По вечерам я казался себе одним из ее персонажей, но по утрам, истощенный расписанием в три пьянки за день, я напоминал Воробьянинова. Зато Вайля, как Остапа, несло. Он выстраивал кавалькаду из таксистов, подкупал официантов, дружил со швейцарами и очаровывал редакторов. Приходя к одному, Петя тут же звонил следующему, так что журнальная жизнь разворачивалась веером, который к третьей неделе стал казаться мне бесконечным.

Нас всюду встречали по чину, которого мы еще не успели заслужить, но обещали постараться, особенно в том толстом журнале, где печаталась не только правда, но и изящная словесность. На встрече с его сотрудниками в величественном кабинете с пятиметровым потолком нас угостили кофе с коньяком, других – с сахаром, третьим не предложили стульев. Вооруженные припасенной специально для этого случая рукописью, мы предложили снять с нее ксерокопию, но осеклись, вспомнив, что в наше время за это сажали. Поняв природу нашего смущения, редакция расхохоталась.

– Одно слово – американцы, думают, что в Москве медведи ходят, а в Кремле Сталин сидит. Сейчас наберем Петра Сидоровича, он подпишет разрешение, возьмем в копировальном отделе ключи от ксероксной, и уже завтра-послезавтра все будет готово.

Мы извинились за то, что недооценили темпы перестройки. Она зашла уже так далеко, что нас всюду просили писать, обещая расплатиться славой. СССР еще не знал, что доживает последние дни, и гласность наслаждалась новой свободой и старыми тиражами. Становясь смелее от номера к номеру, журналы расходились миллионами. На книги не хватало бумаги. Некоторые, чтобы больше влезло, печатались как телеграммы – без знаков препинания.

Дефицит, впрочем, был неразборчивым. На «Мосфильме» не снимали фильмов. Там не было и лампочек, поэтому женский персонал, остерегаясь истощавших в перестройку крыс, выходил в коридор в сопровождении отставников-афганцев.

3

Для меня все это было не важно. Я впервые попал в измеряющуюся миллионами литературную жизнь, после которой наша, эмигрантская, казалась кукольной. Каждый день мы встречались с читателями, и их было столько, что я робко оглядывался, боясь, что нас принимают за других.

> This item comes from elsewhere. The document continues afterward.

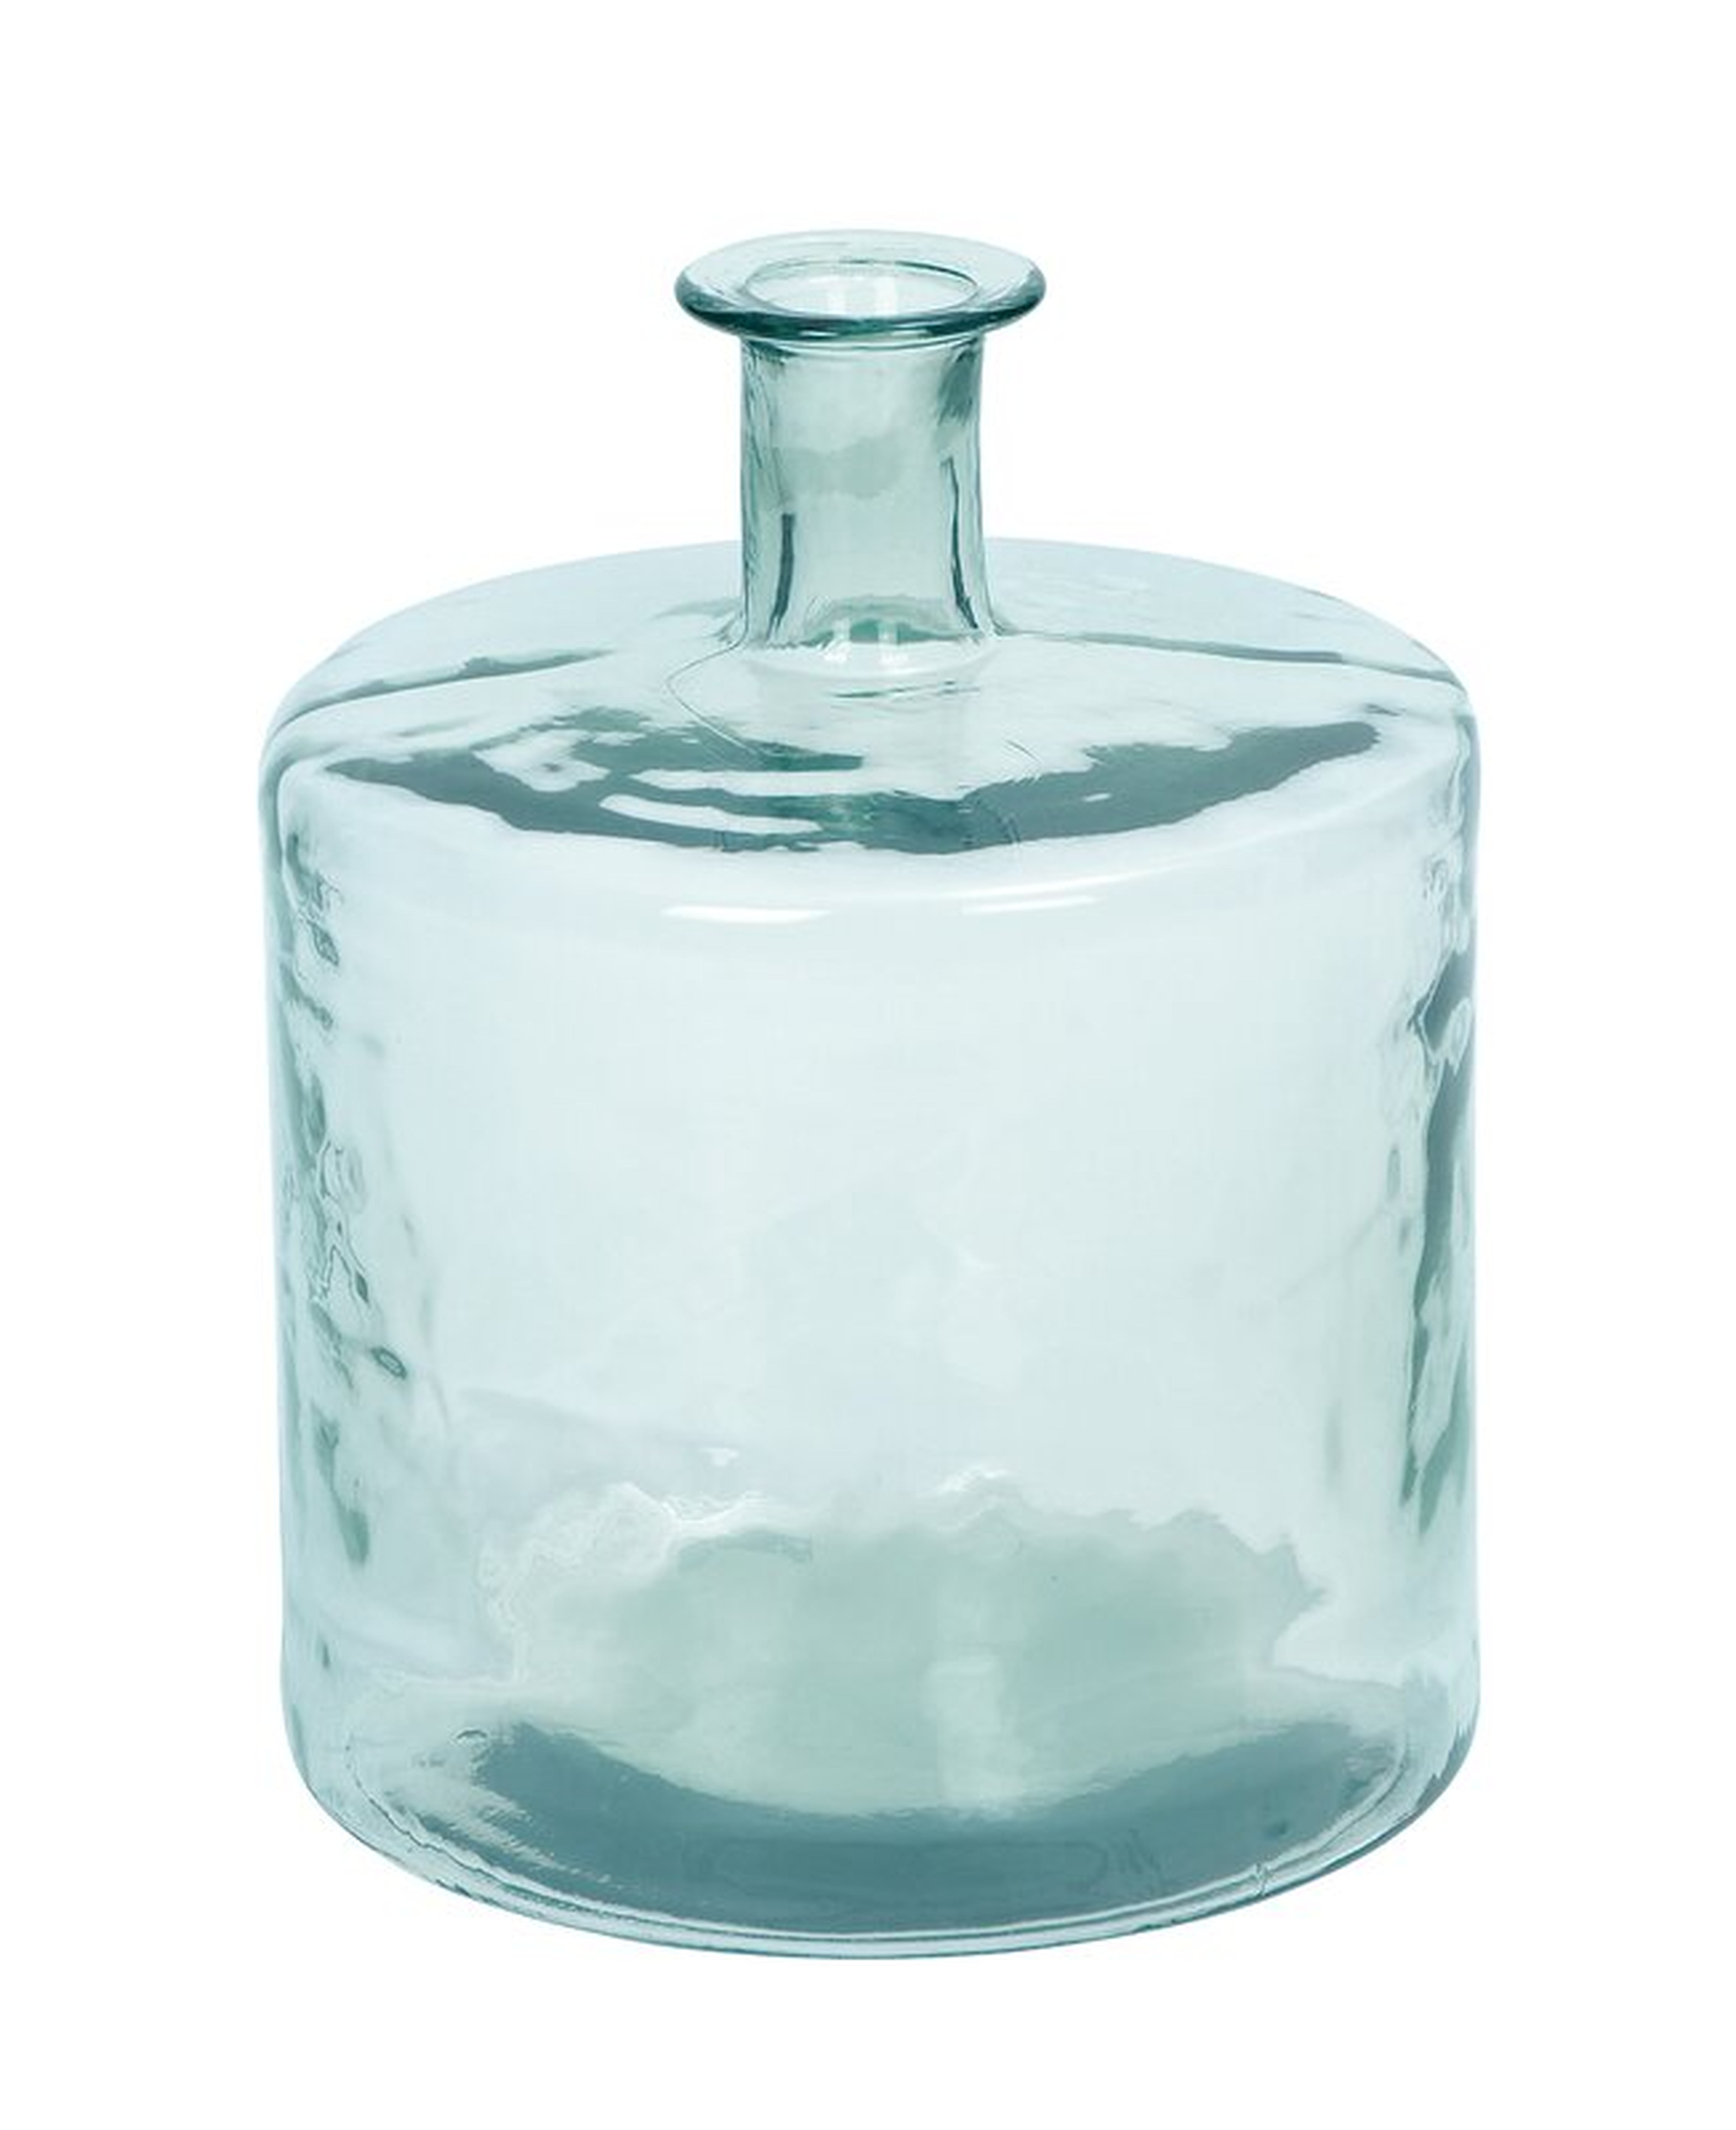 Glass Vase - Wayfair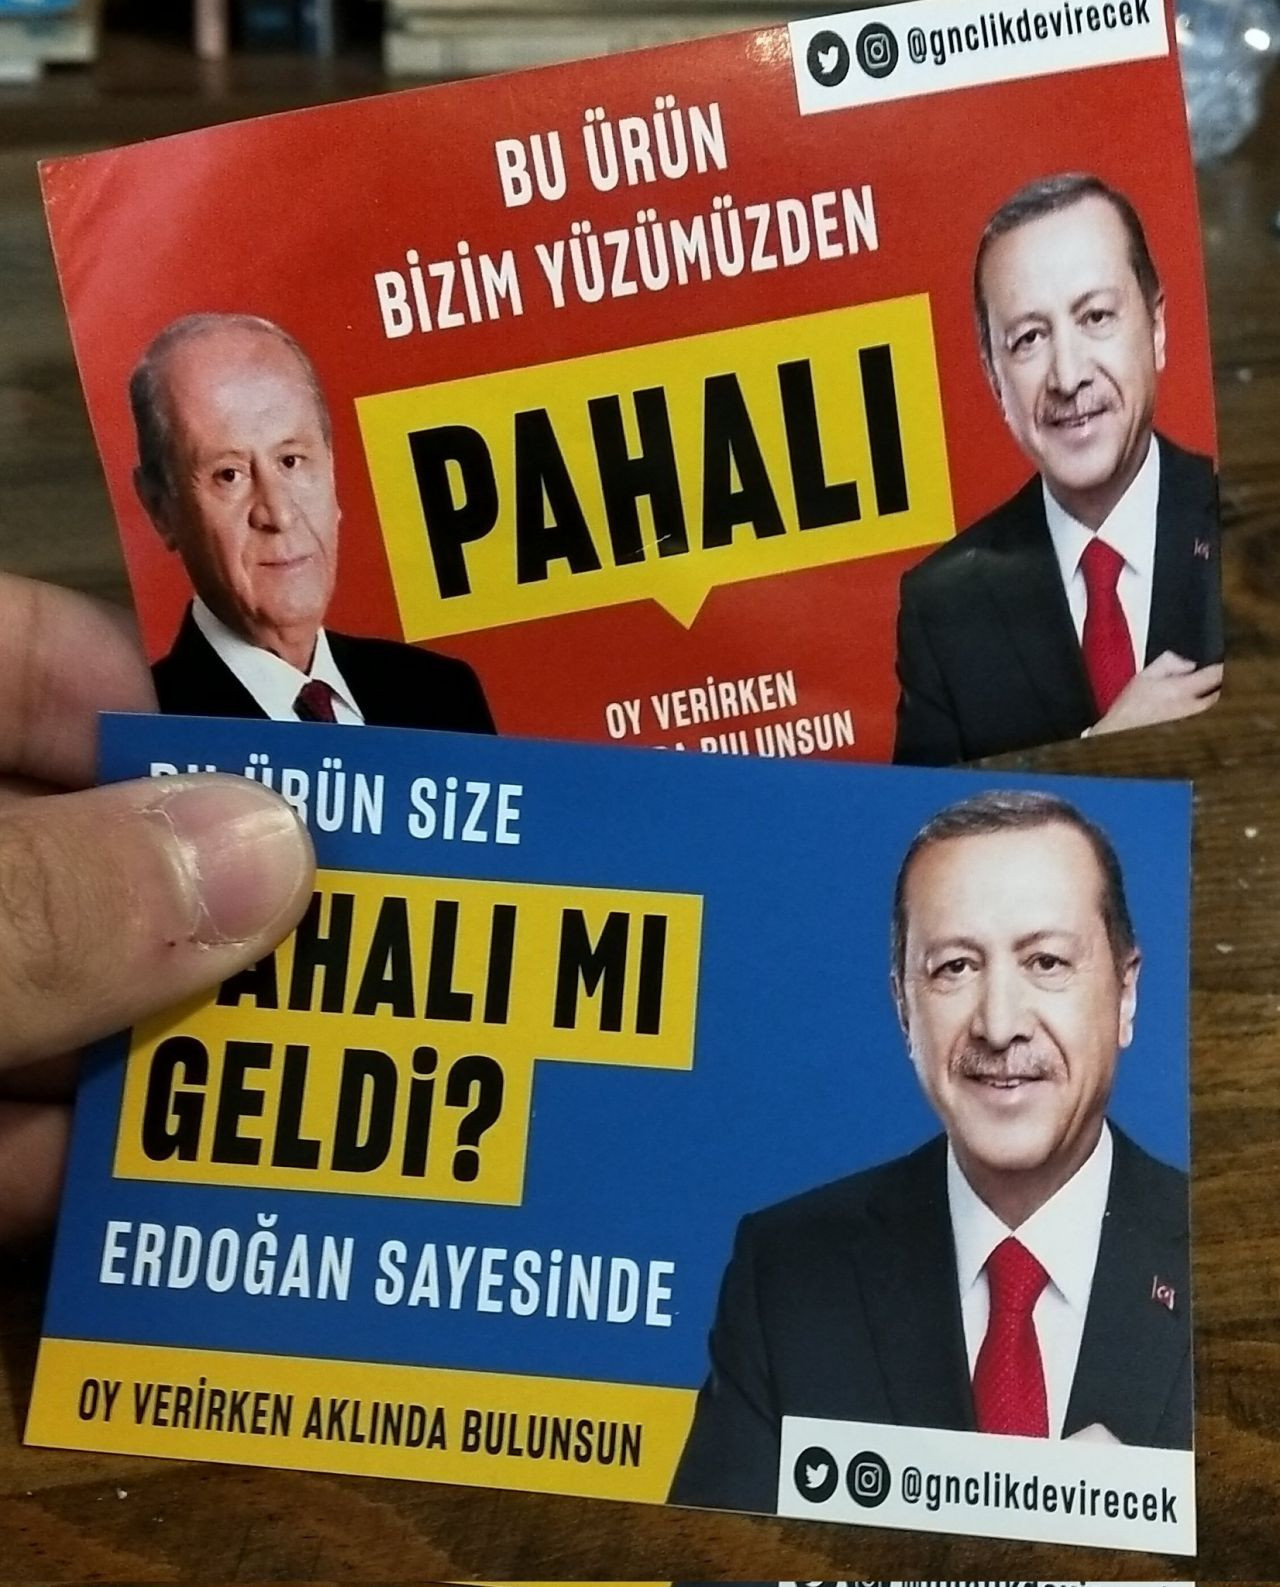 Market rafında Erdoğan'lı etiket: 'Bu ürün pahalı geldiyse...' - Sayfa 2

С писателями все обстояло еще сложнее. Мне не верилось, что я пью водку с небожителями. Окуджава был нашим Пушкиным, Искандер – Шахерезадой, и только Сорокин – не известно кем.

Хотя я прочел каждую его строку и написал обо всех, мне не удавалось представить себе автора, у которого, как у Фантомаса, нет своего лица.

На самом деле оно было, да еще какое. Даже без шпаги Сорокин походил на Атоса: красив, задумчив, молчалив. Мы встретились в отеле «Пекин», в номере с балдахином, графином и неизбежной «Аленушкой». К тому же, в гостинице на каждом этаже сидела не спавшая всю ночь коридорная. Наша стерегла открывашку для «Нарзана».

Сорокин цедил слова. Отчаянно заикаясь, он говорил важное и коротко.

– В раннем детстве, – рассказывал Владимир, – в нашем дворе была открытая выгребная яма, омерзительная, но и отойти трудно. Так и живу.

– А не пугает?

– Когда пишешь, не страшно. А если посадят, то в зоне узнаю новые слова.

Собственно, все мы не умели прожить дня, не поделившись очередной гадостью власти. Но Сорокин не видел выхода. Хотя его мир тоже делился на два, ни в своем, ни в заграничном не находилось постоянного места, и с этим вынуждены были считаться его читатели.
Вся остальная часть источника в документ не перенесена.